- What you are asked to do:
Would you copy only the lines below, from the one containing "решение квадратного уравнения" through the very last one, leaving the pictures out?

- Dataset content:
◇ ◇ ◇ ◇

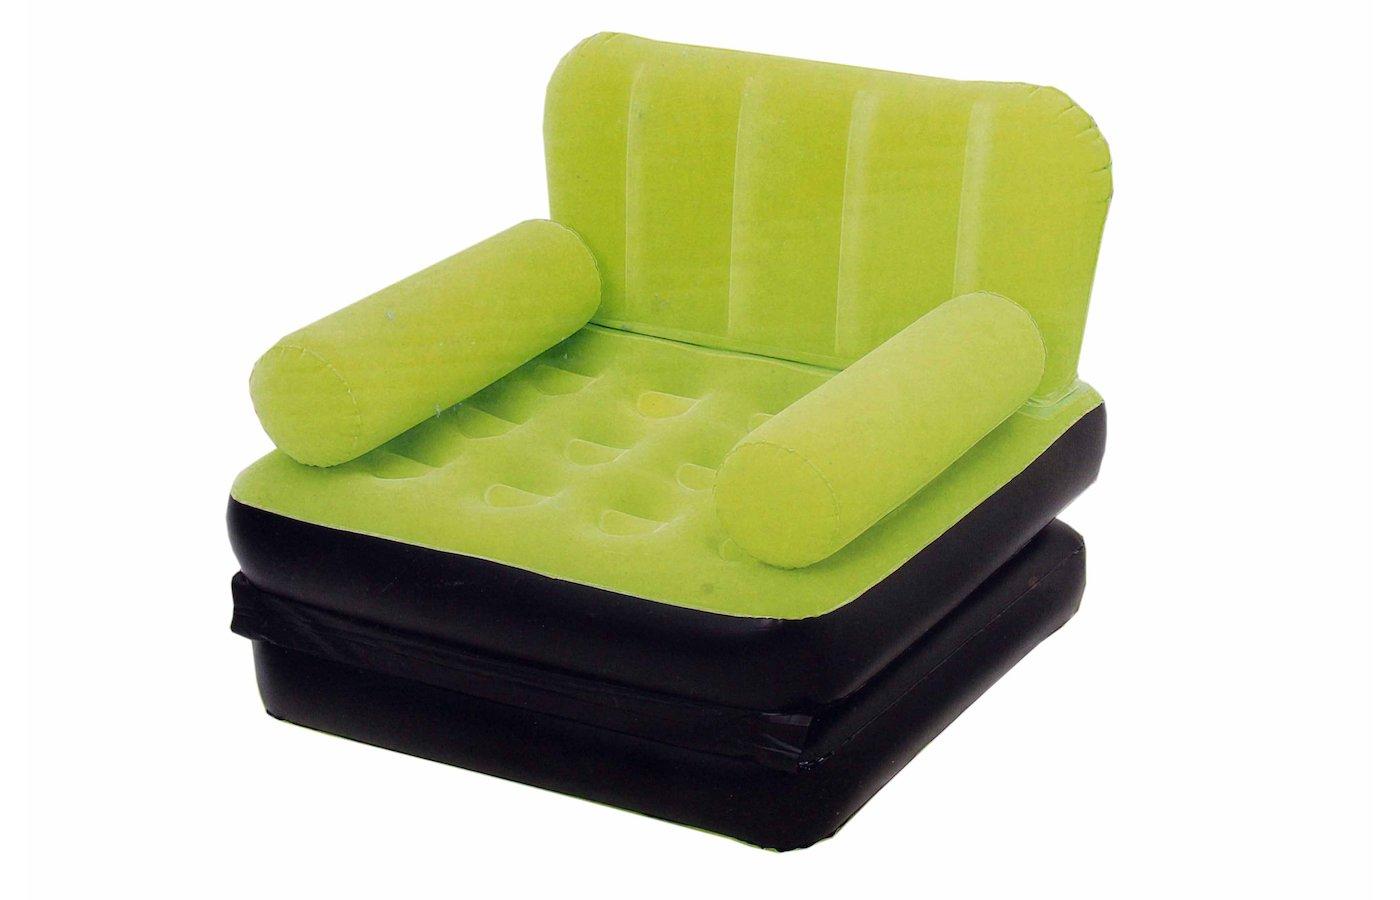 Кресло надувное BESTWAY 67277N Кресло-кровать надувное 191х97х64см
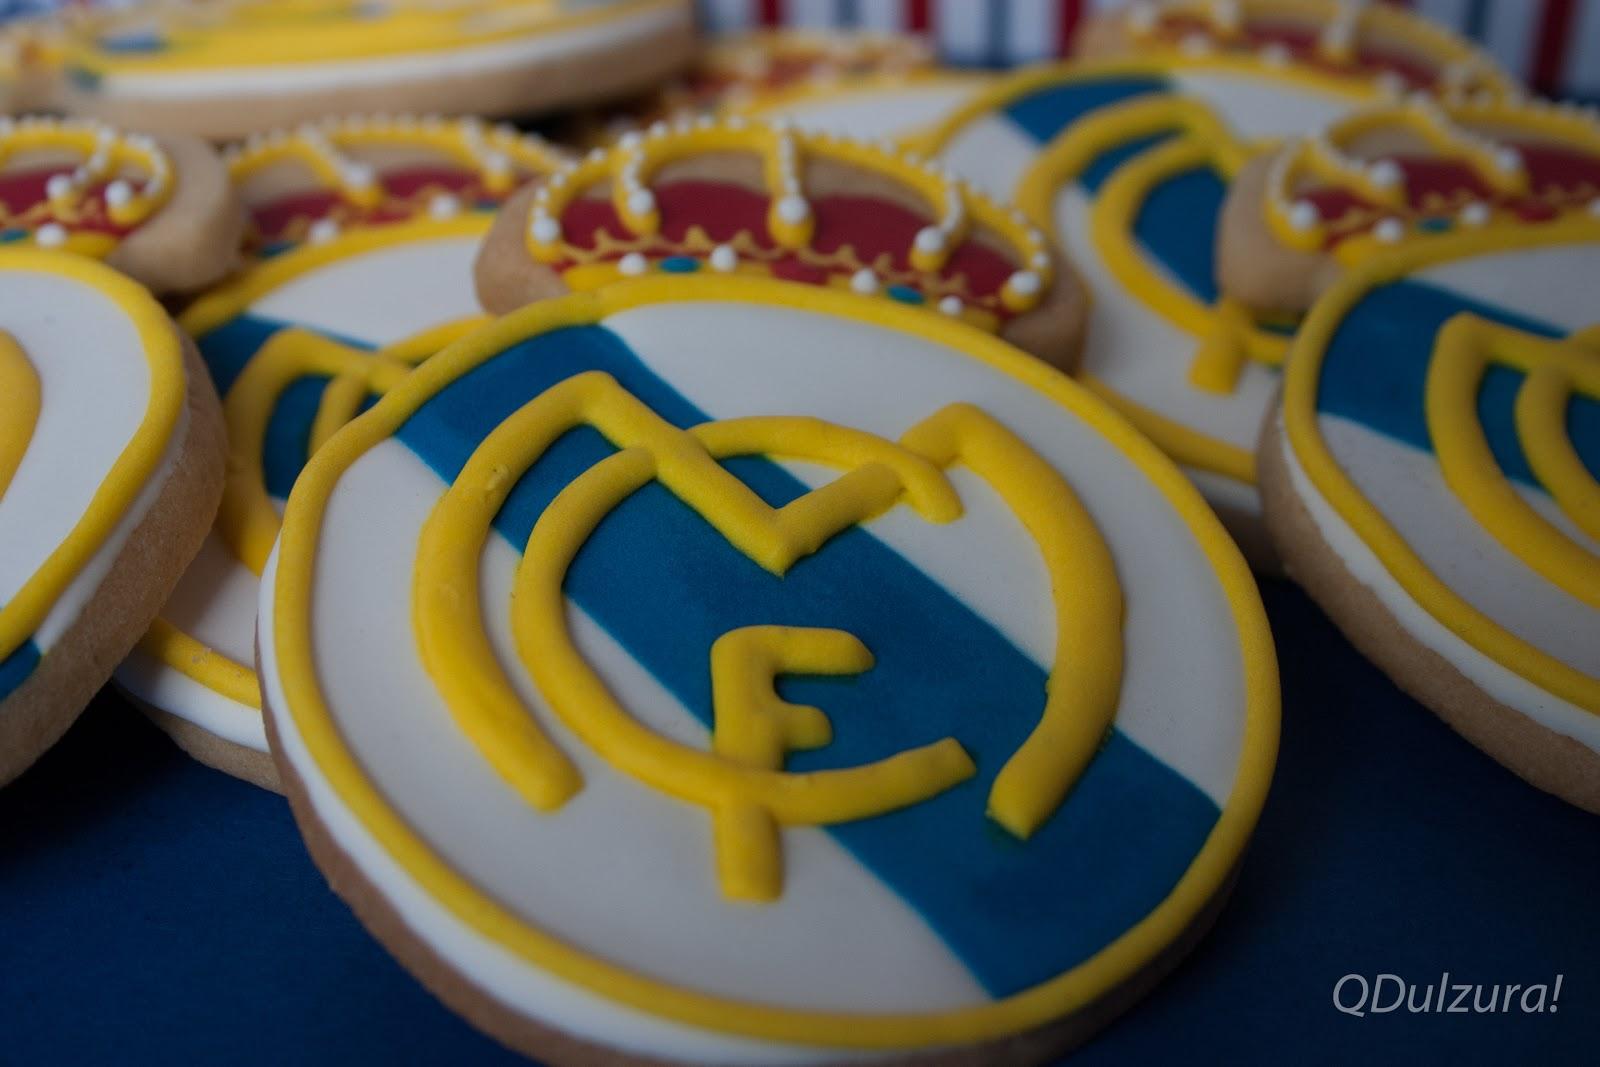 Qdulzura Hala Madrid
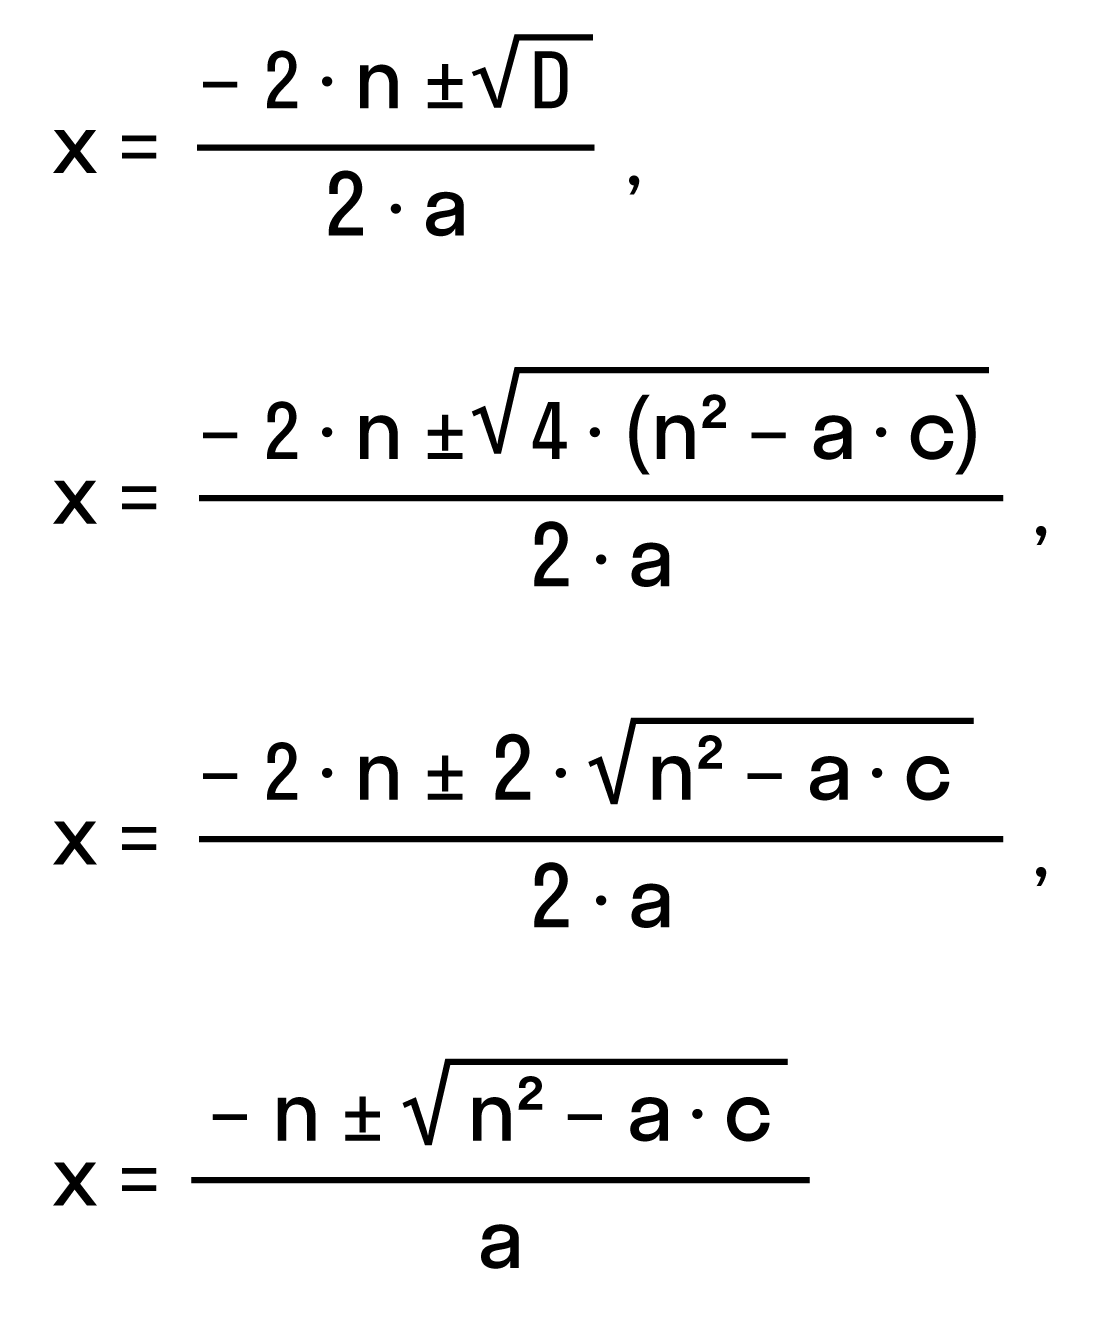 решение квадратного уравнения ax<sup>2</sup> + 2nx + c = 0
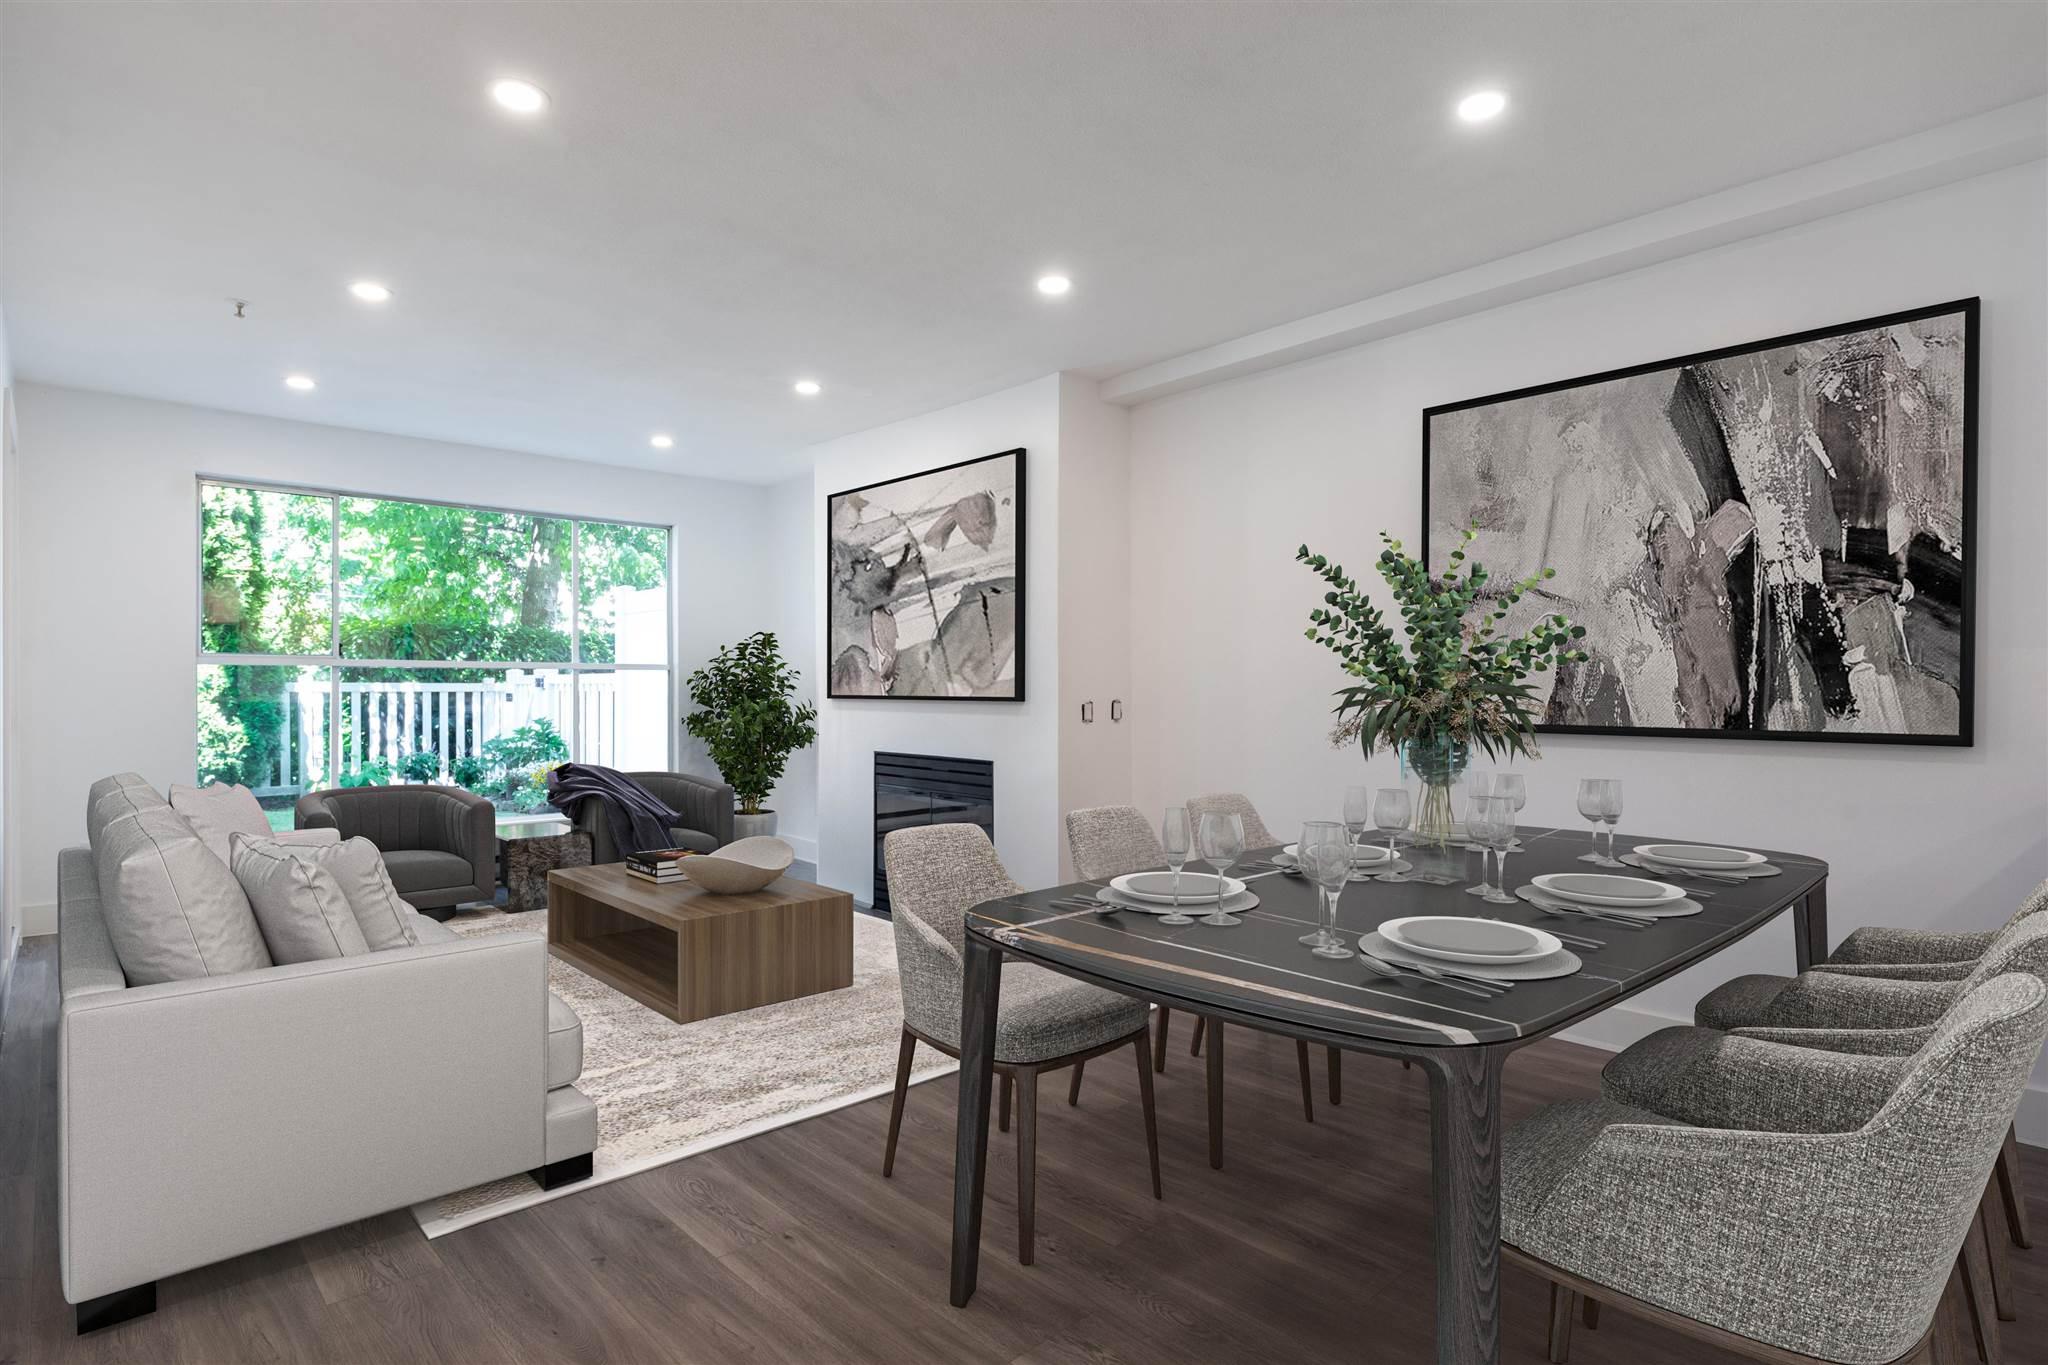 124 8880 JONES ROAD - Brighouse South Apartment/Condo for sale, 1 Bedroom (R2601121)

◇ ◇ ◇ ◇

- Your solution:
 решение квадратного уравнения ax<sup>2</sup> + 2nx + c = 0
 124 8880 JONES ROAD - Brighouse South Apartment/Condo for sale, 1 Bedroom (R2601121)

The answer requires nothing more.